しかし、相続放棄をする・しないにしても、適切な判断を行うためには、孤独死後であってもDNA鑑定を含む身元確認が必要となります。
注意点2.先に戸籍謄本を取得しておく
孤独死が発生した際、故人とされる人物との法的な関係を明らかにする必要があり、これには戸籍謄本が不可欠です。
しかし、DNA鑑定の結果を待ってから戸籍謄本を取得すると時間がかかりすぎ、結果として相続放棄の機会を逃す可能性があります。
戸籍謄本は、故人の家族構成や続柄を確認できる公的な書類であり、相続手続きをはじめる上でもっとも基本となるものです。
そのため、故人の戸籍謄本はDNA鑑定の前に調達しておくことが推奨されます。
これによって、DNA鑑定の結果が出てから速やかに相続手続きや相続放棄手続きに移ることができ、孤独死に関連する法的プロセスを効率的に進めることが可能となるものです。
注意点3.相続放棄の申述書を提出する
先述したように、相続放棄を行うためには、故人の死亡を知った日から3か月以内に家庭裁判所に相続放棄の申述書を提出する必要があります。
また、提出する際は戸籍謄本や住民票といった身分証明書が必要になることも一般的です。
この手続きにおいて、相続放棄の意向が固まっている場合は、DNA鑑定の結果を待つことなく家庭裁判所に事情を説明し、相続放棄の申述書を先に提出できます。
具体的には、まず家庭裁判所にご自身の事情を説明し、相続放棄の申述を行う意向を告げます。
その上で、DNA鑑定の結果を待っている旨を伝え、申述書の提出にあたってどのように進めれば良いか指導を求めると良いでしょう。

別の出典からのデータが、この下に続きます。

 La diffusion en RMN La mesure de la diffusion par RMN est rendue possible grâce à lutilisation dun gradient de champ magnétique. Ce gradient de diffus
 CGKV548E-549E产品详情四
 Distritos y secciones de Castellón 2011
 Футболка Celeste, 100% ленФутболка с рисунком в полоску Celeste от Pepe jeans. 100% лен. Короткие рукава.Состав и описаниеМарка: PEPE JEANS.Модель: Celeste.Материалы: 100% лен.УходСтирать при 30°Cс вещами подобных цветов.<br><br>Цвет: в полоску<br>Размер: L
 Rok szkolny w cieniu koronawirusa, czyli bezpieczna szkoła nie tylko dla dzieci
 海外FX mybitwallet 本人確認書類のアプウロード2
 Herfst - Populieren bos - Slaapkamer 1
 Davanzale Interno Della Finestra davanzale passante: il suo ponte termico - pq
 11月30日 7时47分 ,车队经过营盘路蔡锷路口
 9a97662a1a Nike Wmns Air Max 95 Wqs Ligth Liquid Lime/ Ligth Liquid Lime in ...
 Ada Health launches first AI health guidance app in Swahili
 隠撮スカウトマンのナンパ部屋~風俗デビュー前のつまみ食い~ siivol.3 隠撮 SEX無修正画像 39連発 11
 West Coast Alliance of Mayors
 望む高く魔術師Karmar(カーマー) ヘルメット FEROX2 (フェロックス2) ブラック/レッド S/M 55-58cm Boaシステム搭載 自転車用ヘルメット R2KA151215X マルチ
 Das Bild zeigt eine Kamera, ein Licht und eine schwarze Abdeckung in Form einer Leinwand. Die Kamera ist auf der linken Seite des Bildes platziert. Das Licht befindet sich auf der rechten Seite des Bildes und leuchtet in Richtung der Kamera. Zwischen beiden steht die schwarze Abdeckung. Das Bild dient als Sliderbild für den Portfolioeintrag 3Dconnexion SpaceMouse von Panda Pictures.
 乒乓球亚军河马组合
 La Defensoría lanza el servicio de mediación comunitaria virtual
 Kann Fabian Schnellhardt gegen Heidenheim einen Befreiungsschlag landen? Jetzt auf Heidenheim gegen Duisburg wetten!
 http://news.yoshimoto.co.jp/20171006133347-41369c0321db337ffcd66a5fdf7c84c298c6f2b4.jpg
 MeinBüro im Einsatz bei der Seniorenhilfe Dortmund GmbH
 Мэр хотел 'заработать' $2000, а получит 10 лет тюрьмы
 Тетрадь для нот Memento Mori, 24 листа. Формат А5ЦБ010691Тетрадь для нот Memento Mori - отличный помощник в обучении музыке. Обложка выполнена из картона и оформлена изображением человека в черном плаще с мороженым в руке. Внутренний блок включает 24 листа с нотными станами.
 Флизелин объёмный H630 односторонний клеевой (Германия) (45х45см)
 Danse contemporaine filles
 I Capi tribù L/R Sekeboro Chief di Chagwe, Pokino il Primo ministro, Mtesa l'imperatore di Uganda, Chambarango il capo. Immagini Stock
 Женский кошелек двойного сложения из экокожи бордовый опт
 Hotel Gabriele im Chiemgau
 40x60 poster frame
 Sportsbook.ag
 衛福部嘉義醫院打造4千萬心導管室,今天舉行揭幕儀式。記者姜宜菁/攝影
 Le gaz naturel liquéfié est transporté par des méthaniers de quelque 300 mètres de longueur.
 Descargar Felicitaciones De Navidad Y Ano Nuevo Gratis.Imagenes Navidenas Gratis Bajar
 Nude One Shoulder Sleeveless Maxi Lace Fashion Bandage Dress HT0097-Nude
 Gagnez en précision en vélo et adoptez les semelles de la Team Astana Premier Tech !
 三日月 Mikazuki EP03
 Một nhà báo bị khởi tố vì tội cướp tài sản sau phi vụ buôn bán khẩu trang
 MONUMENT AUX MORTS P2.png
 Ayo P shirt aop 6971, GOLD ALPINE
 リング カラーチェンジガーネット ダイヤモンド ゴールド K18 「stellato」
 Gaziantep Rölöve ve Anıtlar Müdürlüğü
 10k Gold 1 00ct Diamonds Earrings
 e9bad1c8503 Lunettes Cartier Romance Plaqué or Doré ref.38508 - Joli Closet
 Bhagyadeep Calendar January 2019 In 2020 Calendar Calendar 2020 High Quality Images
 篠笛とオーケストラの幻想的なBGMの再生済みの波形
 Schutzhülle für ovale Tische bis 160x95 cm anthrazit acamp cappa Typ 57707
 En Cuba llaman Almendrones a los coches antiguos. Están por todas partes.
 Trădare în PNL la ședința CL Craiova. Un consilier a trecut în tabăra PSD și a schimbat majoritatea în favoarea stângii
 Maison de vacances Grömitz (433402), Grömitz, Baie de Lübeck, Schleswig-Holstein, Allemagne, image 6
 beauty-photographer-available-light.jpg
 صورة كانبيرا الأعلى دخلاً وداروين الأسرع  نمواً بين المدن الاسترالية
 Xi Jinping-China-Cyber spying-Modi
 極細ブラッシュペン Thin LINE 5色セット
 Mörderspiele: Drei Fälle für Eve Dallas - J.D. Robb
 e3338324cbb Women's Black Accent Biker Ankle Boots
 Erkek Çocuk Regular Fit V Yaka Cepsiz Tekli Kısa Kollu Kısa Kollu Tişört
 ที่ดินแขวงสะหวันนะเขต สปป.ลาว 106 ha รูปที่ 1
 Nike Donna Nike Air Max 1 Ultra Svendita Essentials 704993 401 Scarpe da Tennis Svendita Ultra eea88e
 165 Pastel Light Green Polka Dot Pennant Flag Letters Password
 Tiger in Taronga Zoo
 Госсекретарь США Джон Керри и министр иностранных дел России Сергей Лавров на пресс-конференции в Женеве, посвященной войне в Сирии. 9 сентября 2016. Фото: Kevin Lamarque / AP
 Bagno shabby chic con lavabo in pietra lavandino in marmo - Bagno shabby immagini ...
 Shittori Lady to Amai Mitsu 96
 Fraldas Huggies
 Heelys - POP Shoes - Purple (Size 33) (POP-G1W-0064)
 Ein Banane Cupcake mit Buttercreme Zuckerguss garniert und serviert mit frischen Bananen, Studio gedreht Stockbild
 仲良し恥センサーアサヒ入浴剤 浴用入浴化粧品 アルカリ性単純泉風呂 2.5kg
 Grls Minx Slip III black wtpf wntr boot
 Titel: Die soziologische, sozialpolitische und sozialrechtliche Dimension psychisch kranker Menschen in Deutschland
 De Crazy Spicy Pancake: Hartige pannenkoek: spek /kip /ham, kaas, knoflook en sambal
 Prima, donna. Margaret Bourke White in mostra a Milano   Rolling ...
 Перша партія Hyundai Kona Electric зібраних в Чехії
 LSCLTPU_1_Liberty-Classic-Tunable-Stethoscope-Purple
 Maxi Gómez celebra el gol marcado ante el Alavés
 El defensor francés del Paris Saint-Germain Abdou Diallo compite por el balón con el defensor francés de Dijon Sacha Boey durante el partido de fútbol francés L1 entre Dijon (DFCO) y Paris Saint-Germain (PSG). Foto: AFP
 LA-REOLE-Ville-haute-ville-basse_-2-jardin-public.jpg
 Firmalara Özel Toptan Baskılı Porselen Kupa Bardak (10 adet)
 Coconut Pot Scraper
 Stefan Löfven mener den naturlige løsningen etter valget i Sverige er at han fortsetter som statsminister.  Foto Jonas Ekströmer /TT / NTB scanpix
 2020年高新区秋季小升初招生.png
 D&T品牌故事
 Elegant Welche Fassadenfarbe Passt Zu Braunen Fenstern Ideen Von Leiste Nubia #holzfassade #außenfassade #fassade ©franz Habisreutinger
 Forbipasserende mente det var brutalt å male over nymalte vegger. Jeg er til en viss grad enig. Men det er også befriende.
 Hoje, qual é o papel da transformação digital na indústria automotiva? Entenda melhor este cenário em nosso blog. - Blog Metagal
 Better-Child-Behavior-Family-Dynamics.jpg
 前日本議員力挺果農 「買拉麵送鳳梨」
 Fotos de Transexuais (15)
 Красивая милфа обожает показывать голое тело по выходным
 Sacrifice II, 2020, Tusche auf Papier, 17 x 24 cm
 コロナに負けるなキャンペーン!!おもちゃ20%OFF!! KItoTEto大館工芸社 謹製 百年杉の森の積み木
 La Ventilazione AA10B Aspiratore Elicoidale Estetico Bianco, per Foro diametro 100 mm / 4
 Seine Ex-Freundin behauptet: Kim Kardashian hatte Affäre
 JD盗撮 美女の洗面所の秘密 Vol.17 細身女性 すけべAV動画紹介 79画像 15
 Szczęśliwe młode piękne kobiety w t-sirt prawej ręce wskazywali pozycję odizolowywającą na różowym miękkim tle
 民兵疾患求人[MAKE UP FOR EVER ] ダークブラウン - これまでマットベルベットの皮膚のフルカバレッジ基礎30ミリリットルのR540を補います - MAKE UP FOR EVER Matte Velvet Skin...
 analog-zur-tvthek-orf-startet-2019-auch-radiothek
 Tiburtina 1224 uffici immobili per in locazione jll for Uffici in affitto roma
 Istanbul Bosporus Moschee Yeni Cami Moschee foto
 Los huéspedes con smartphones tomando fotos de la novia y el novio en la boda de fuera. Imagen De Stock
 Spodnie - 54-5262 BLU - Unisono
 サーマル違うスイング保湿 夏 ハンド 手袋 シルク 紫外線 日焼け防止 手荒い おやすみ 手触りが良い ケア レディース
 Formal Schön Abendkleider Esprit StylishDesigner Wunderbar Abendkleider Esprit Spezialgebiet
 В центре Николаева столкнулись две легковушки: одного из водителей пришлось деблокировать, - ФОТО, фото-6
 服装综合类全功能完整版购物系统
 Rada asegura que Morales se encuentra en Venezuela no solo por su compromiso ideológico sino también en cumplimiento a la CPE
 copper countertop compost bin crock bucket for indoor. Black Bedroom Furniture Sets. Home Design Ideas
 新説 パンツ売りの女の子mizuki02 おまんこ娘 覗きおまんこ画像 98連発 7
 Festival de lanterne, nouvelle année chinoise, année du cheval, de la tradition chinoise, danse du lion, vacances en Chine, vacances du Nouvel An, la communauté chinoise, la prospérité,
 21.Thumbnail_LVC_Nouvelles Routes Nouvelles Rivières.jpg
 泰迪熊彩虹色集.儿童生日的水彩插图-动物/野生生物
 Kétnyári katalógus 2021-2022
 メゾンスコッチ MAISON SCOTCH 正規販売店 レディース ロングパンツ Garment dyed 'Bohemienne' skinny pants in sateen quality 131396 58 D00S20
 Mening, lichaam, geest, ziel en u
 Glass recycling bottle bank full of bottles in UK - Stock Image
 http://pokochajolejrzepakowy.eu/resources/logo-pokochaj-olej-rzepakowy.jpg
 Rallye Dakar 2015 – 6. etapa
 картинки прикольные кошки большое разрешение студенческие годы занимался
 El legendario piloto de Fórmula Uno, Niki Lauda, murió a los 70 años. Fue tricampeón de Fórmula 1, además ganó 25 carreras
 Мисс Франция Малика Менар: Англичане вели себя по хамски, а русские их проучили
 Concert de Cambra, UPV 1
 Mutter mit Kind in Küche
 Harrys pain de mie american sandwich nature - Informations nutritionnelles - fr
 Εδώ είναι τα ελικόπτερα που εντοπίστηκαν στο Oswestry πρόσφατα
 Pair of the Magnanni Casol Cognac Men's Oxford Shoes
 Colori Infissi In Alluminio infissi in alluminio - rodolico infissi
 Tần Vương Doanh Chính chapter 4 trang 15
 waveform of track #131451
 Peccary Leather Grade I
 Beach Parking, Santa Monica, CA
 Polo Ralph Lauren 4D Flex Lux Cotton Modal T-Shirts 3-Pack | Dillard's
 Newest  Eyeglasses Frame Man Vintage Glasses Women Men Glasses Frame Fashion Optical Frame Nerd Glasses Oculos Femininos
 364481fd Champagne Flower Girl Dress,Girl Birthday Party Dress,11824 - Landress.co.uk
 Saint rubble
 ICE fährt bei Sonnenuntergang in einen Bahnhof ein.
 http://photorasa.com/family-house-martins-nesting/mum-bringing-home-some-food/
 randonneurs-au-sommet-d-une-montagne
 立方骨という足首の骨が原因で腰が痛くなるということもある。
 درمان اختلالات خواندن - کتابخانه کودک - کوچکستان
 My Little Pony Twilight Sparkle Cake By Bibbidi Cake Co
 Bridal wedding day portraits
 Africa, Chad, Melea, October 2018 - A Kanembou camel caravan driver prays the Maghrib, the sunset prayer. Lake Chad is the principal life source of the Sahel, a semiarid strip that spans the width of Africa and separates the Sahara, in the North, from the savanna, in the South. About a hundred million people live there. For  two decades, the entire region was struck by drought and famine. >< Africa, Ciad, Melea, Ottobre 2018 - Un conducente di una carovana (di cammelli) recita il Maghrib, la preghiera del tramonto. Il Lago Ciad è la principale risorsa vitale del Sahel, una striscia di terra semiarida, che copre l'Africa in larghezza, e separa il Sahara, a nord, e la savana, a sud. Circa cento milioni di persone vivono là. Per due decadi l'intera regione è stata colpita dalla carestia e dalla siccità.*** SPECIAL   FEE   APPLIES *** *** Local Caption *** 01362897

しかし、相続放棄を前提に話を進めていくため、これに迷いがある場合や決定していない場合、この手続きを進めることはできません。
まとめ
孤独死が起きて、身元確認が必要な場合、DNA鑑定は警察・民間の業者によって行われます。
遺体の発見が遅れた場合、特にこの手段が採られます。
この鑑定にはそれぞれ異なる費用と時間が掛かるため、適切な選択が求められます。
相続の手続きを迅速に進めるためにも、早めのDNA鑑定の実施が推奨されます。
特に相続放棄をする場合は、放棄の申述書提出前に、財産や債務の状況を確認し、戸籍謄本を取得しておくことが大切です。
このように遺体の身元特定と相続手続きでは少なからず時間との戦いが伴うため、効率的に対応しましょう。